Verbatim, and with nothing else, reproduce the data below from its first line through the line containing "Read online Hulk: Gray".

SUPPLIED RECORDS:
· · · ·
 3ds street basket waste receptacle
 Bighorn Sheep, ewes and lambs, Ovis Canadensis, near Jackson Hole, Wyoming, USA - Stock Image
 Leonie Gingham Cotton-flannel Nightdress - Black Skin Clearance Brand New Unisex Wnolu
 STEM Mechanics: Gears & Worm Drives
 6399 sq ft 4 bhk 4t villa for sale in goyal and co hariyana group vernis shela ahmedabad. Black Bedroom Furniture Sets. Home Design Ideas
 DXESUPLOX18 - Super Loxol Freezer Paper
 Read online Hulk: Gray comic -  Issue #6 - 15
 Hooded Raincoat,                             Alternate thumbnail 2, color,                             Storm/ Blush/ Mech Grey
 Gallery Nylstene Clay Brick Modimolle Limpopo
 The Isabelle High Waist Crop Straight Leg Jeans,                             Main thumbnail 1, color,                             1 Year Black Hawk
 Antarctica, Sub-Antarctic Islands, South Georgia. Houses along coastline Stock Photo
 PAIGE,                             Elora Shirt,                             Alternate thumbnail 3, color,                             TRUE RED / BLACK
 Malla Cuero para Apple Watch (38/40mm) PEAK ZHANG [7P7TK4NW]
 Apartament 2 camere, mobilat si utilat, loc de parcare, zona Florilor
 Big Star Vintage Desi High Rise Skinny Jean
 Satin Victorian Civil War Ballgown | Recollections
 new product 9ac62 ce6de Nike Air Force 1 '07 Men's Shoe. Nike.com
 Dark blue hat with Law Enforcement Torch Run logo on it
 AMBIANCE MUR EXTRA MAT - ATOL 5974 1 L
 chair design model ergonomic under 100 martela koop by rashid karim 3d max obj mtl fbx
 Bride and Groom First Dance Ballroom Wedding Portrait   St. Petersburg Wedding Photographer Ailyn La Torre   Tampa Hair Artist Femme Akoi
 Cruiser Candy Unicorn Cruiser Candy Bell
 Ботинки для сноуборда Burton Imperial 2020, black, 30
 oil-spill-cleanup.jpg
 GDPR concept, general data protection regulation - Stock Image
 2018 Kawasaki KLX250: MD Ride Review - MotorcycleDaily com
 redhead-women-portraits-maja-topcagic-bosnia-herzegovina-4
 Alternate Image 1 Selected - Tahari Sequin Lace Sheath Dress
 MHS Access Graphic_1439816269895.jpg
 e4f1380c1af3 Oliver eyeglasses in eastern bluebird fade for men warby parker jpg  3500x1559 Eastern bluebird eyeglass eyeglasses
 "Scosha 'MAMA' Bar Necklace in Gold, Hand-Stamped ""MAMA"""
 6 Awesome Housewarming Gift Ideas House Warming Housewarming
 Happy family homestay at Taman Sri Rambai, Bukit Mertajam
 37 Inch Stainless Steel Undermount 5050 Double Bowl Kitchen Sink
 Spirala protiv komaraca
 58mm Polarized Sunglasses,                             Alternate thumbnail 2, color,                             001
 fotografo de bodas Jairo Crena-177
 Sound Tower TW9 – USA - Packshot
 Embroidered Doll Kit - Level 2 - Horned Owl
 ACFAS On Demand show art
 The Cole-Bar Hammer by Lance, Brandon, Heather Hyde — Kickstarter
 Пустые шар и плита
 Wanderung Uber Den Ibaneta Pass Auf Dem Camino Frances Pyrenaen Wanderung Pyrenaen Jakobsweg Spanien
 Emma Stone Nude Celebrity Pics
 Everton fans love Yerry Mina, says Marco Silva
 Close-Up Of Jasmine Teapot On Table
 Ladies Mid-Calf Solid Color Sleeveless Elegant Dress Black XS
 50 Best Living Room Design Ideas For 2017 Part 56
· · · ·
EXPECTED ANSWER:
 3ds street basket waste receptacle
 Bighorn Sheep, ewes and lambs, Ovis Canadensis, near Jackson Hole, Wyoming, USA - Stock Image
 Leonie Gingham Cotton-flannel Nightdress - Black Skin Clearance Brand New Unisex Wnolu
 STEM Mechanics: Gears & Worm Drives
 6399 sq ft 4 bhk 4t villa for sale in goyal and co hariyana group vernis shela ahmedabad. Black Bedroom Furniture Sets. Home Design Ideas
 DXESUPLOX18 - Super Loxol Freezer Paper
 Read online Hulk: Gray comic -  Issue #6 - 15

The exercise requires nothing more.